1. To construct at the endpoint A of a segment AB a perpendicular to that segment, without prolonging the segment beyond A.
   
2. To divide a line segment into any number of equal parts.
   
3. To bisect a given angle.
   
4. To construct a square in a given circle.
   
5. To construct in a given circle a regular pentagon with a compass opening equal to the radius of the circle.
   

At the end he adds "Abū al-Wafā”s treatise contains a wealth of beautiful constructions for regular ngons, including exact constructions for n = 3, 4, 5, 6, 8, 10. It also gives a verging construction for n = 9 which goes back to Archimedes and the approximation for n = 7 that gives the side of a regular heptagon in a circle as equal to half the side of an inscribed equilateral triangle." Some of these do appear as Wells's "puzzles" (#44,#45), but apparently not #38 or several others. Nor does it appear as an exercise to the chapter 3, or in chapter 5 on trigonometry, where Abū al-Wafā is also featured. Presumably, Wells got the missing ones from somewhere, perhaps even directly from Geometry Needed by Craftsmen, but he does not say.

Answer 2

Denote $\beta=\angle MBC,\;\alpha=\angle DMN,\;\gamma=\angle CDH$. We have: $$\tan\beta=1/2,\quad\cos\alpha=-\sin\beta=-1/\sqrt{5},\quad\sin\alpha=\cos\beta=2/\sqrt{5}.$$ Take $DM=1$, then $MN=\sqrt{5}-2$, and let $x=DN$. By the rule of cosines, $$x^2=1^2+(\sqrt{5}-2)^2+2(\sqrt{5}-2)/\sqrt{5}=12-24/\sqrt{5}.$$ Then by the rule of sines, $$\sin\gamma=\frac{(\sqrt{5}-2)(2/\sqrt{5})}{\sqrt{12-24/\sqrt{5}}}\approx0.1875,$$ and the calculator gives $\gamma\approx 10.8$ degrees.

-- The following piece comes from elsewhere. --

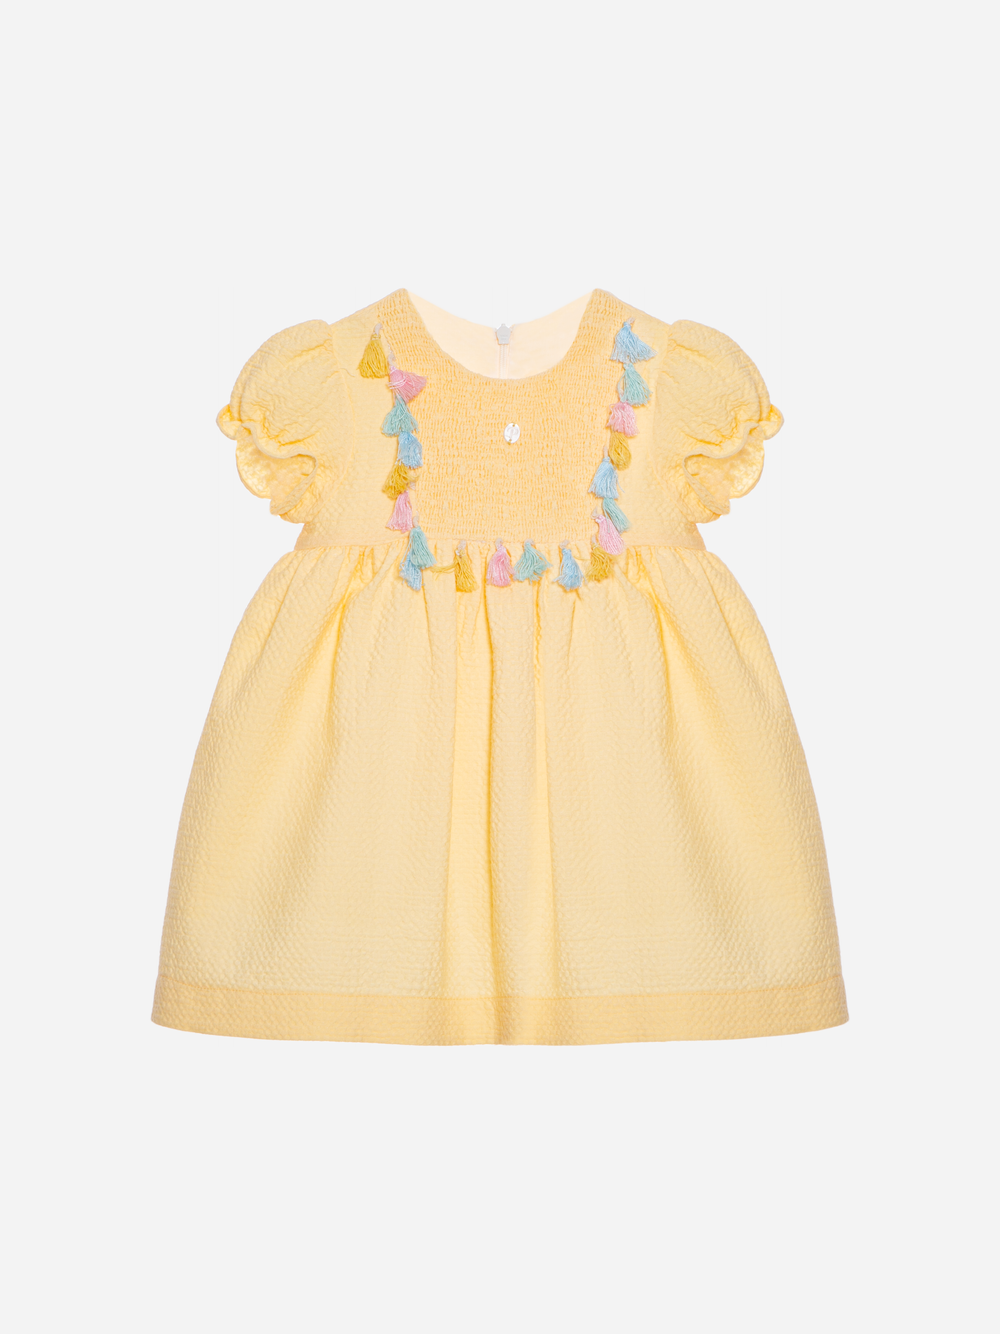 Yellow dress made in piquet
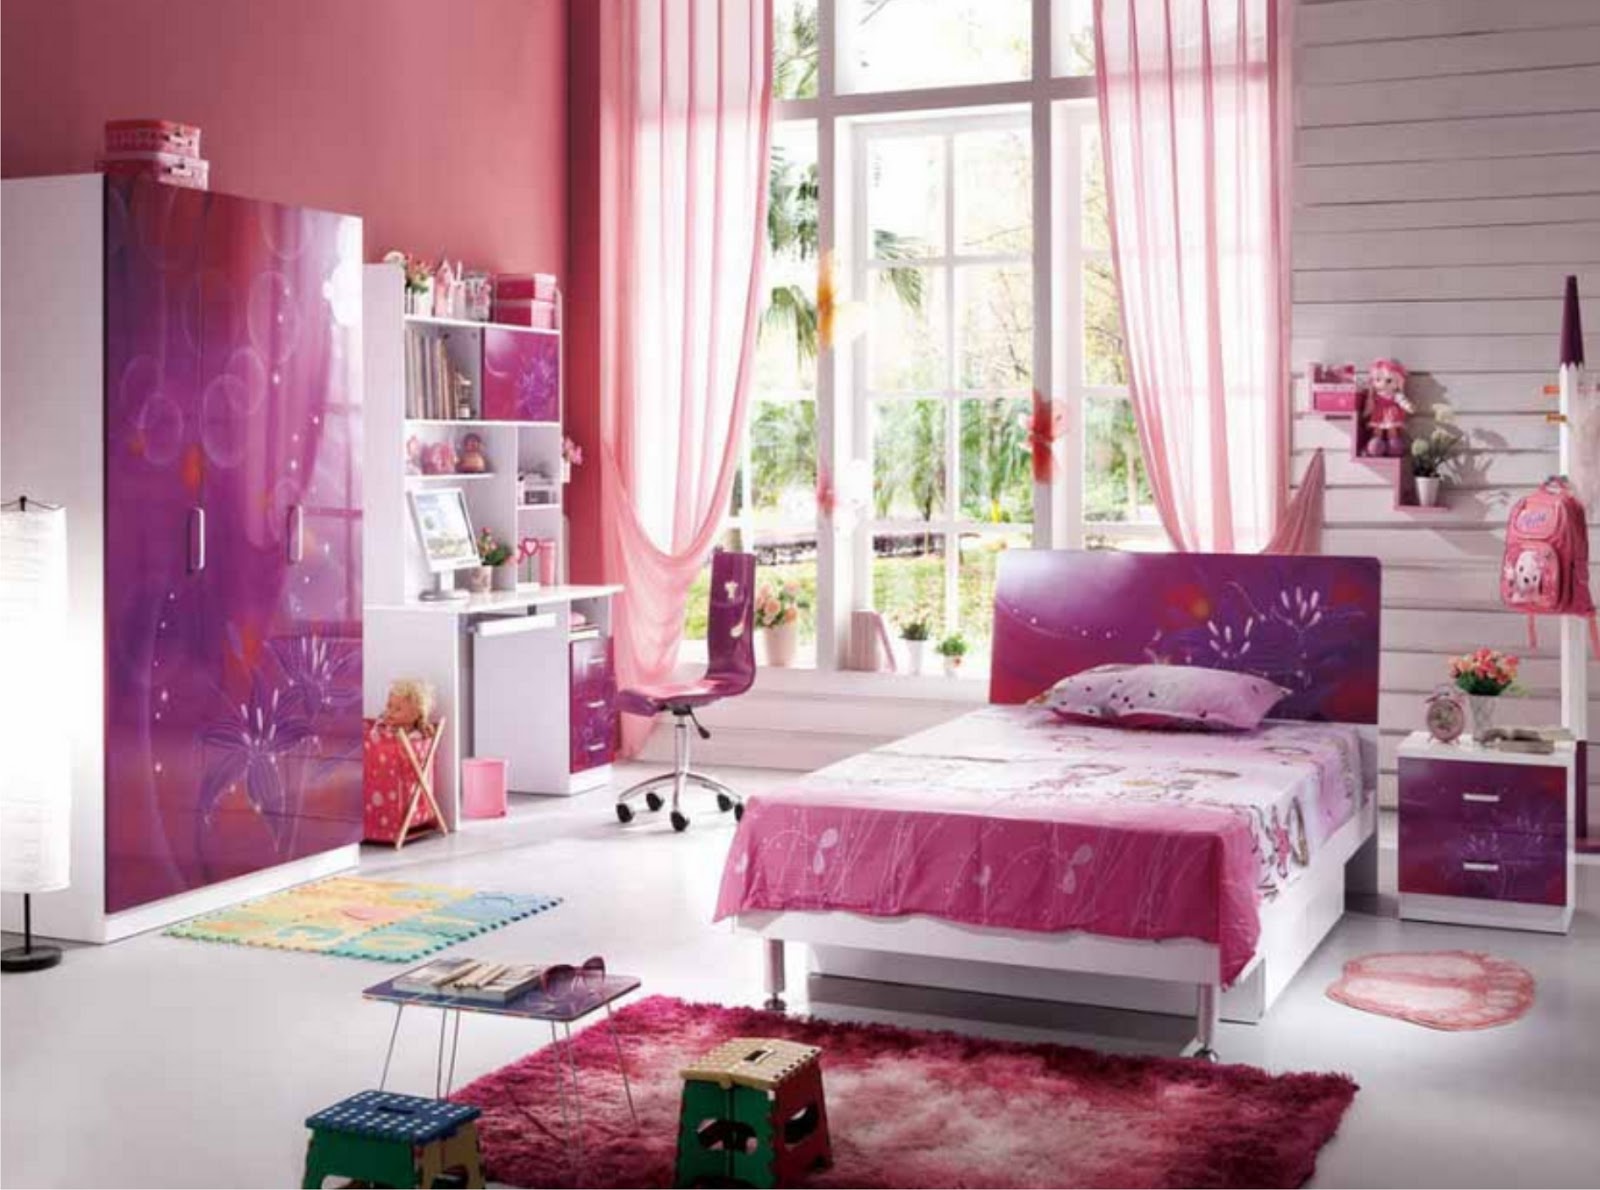 Desain Rumah Minimalis Pink By Desain Rumah Minimalis 2015

Remark. An internet search finds a Russian translation of this book of Abu'l Wafa,

Абу-л-Вафа ал-Бузджани. Книга о том, что необходимо ремесленнику из геометрических построений. Физико-математические науки в странах Востока, 1966, 1, 56-140.

This is a collection of translations. But this book I could not find on Internet.

Remark: since the true solution involves a construction of $2-\sqrt{3}$ with a compass and ruler, which is easy, it is plausible that Abu'l Wafa had a correct construction which was distorted by some scribe, or translator, or by Wells himself. But there is no answer to this unless we get some translation of Abu'l Wafa.